MalReynolds@slrpnk.netEnglish
21 hoursCheap fuckers cheaping out, shocker (context is (V)RAM). AI speedrunning enshittification, who’d of thunk.
- pixxelkick@lemmy.worldEnglish20 hours
Uh… no its just the free models being free, theyre lower cost intentionally to provide free options for people who dont wanna pay subscription fees.
(context is (V)RAM)
Eh sort of, its more operating costs, the larger the context size the more expensive the model is to run, literally in terms of power consumption.
Keep in mind we are on the scale of fractions of cents here, but multiply that by millions of users and it adds up fast.
But the end result is that the agent will fuck stuff up, and will even quickly /forget/ it fucked that up if you dont catch it asap
A lot of them have a context window that can be wiped out within like, 2 minutes of steady busywork…
- Log in | Sign up@lemmy.worldEnglish3 hours
I love how your response to the catastrophic results of stupidly trusting ai is “pay more money to ai companies”.
Sane person’s response: don’t trust llms.
- pixxelkick@lemmy.worldEnglish2 hours
What are you talking about.
No?

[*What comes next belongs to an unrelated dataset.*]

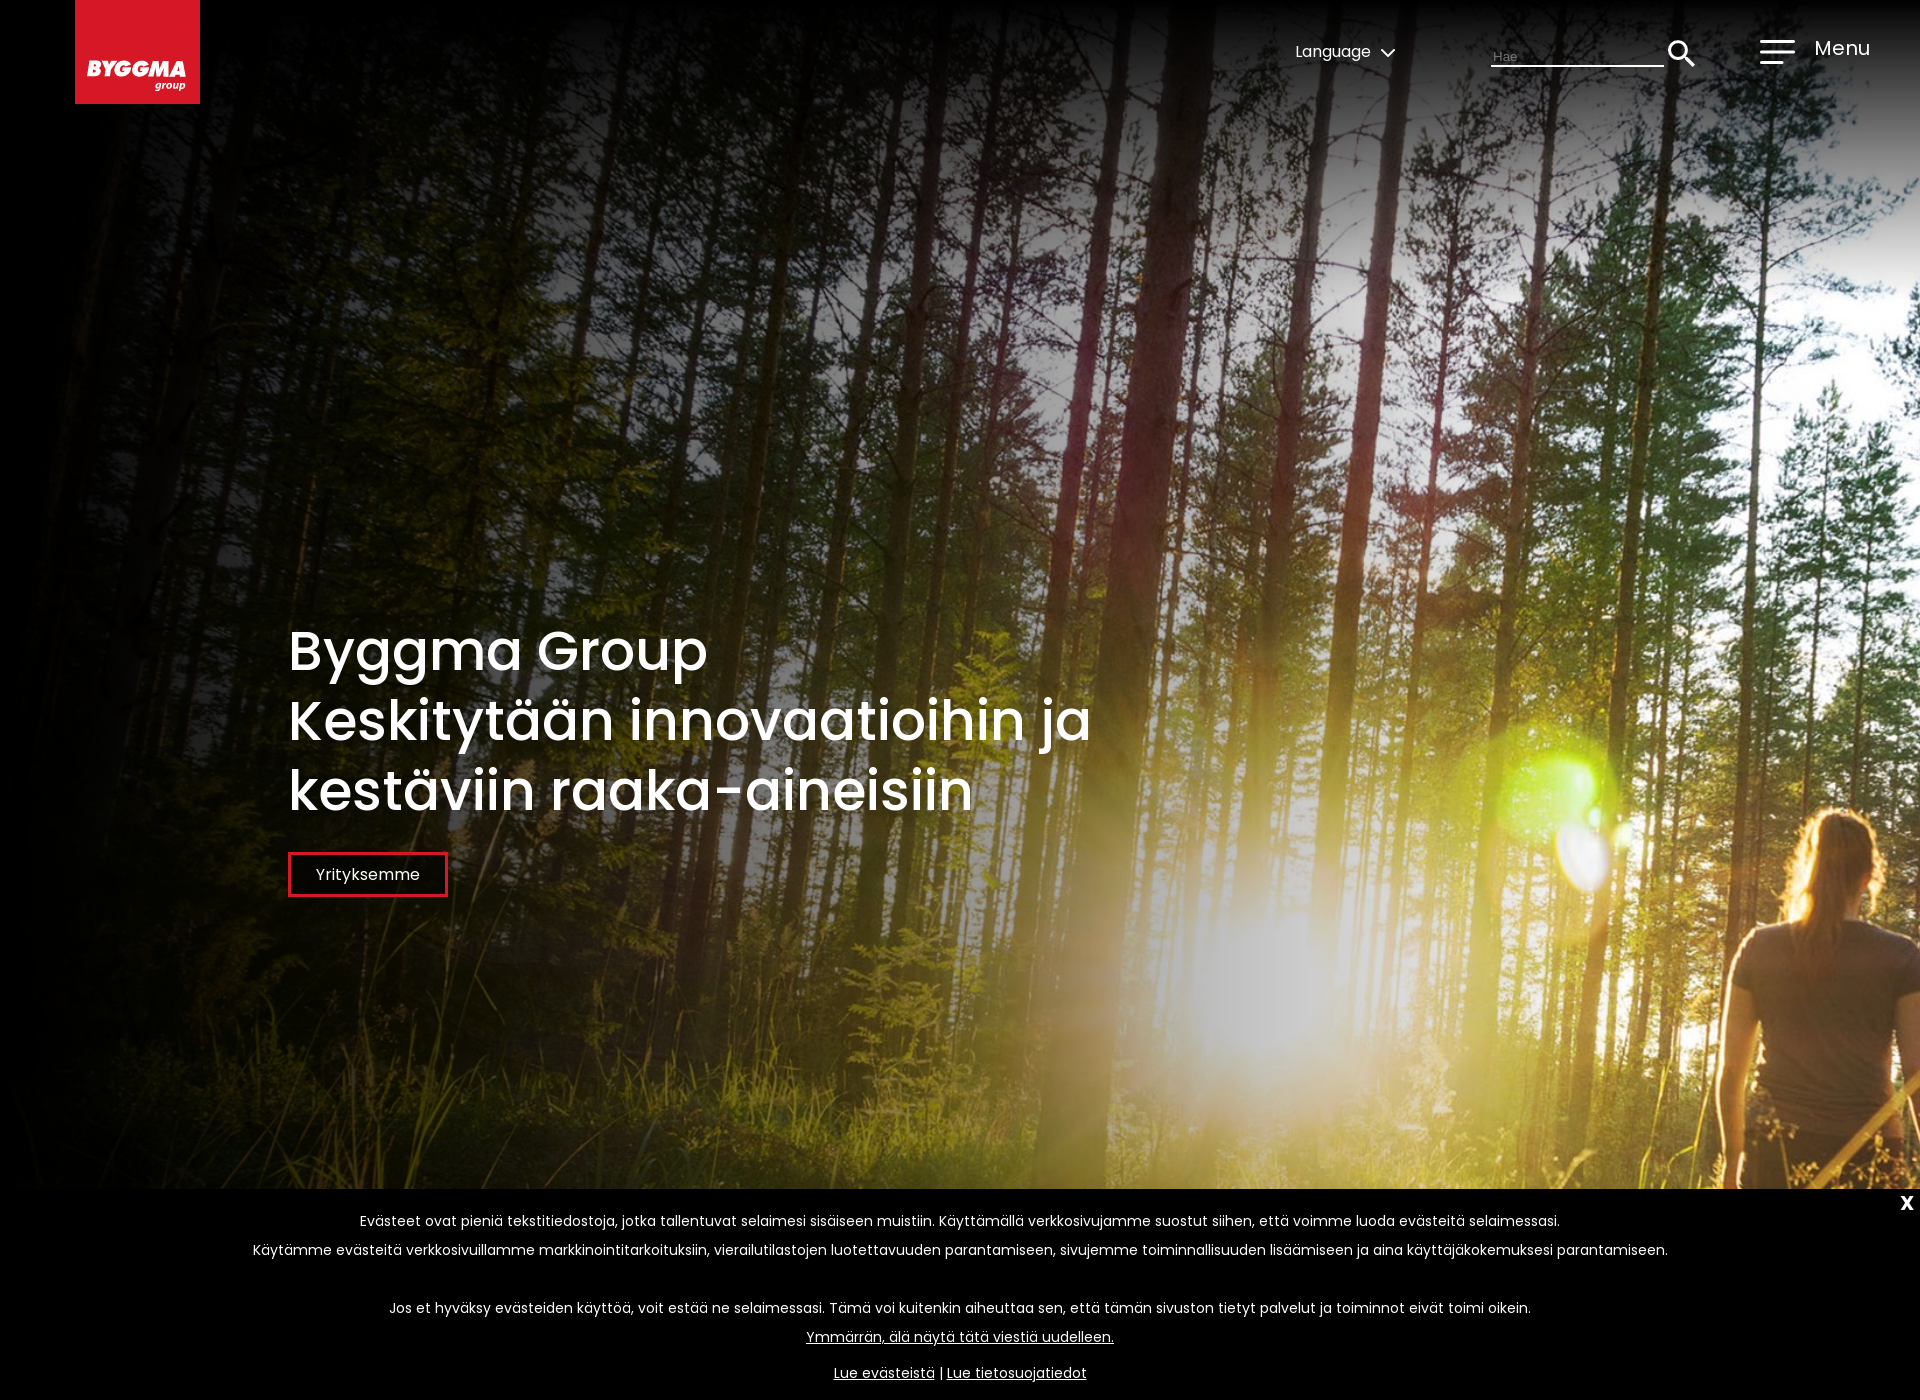 Näyttökuva byggmagroup.fi

I never said that.
I just explained /why/ it happened, I literally nowhere in my post said, or implied, someone should pay for more expensive models. What are you smoking?
You just have to be aware they have very short memory when using a cheap model and assume anything you wrote 1 minute ago has already left its memory, which is why they produce pretty dumb output if you try and depend on that… so… dont depend on that.
- Log in | Sign up@lemmy.worldEnglish1 hour
Everyone else who has any sense: llms are shit and you shouldn’t trust them with executive power.
You: just the cheap ones.
Me: no, all of them. What kind of lunatic trusts control of anything important to a fundamentally stochastic process?
- XLE@piefed.socialEnglish24 hours
The language in the linked post is disinformation. AI does not “scheme,” but that’s the wording the post uses for its duration. “Scheming” implies competence from a person. This post is evidence of a dysfunctional piece of software failing to work properly, made by apparently increasingly incompetent developers.
Upon looking a little closer, this is a fearmonger website devoted to overinflating claims of AI power while ignoring real-life present-day harms. They claim to be inspired by Sam Bankman-Fried’s Effective Altruism scam. They show pictures of beautiful beaches but fail to mention AI’s environmental harms. Their paranoid demands, if enacted, would calcify Big Tech’s monopoly on AI and help nobody affected by its abuses on the planet.
- 24 minutes
thanks for this reply to the post and the clarification! The name of the website contains “longterm”, possibly in reference to “longtermism”, another framing of the effective altruism scam used to justify killing people today for some nebulous and flimsy “longterm minimising of deaths” because they assume their shitty text-predict machine will be a superior intelligence somehow.
Anyways, it’s important to know their language to detect their bullshit quickly.
- Telorand@reddthat.comEnglish21 hours
The irony is that this is like Skynet, but if it had Alzheimer’s.
- Codpiece@feddit.ukEnglish23 hours
Sounds more like “Media find anti-AI angle that helps them get paid more for ad impressions”.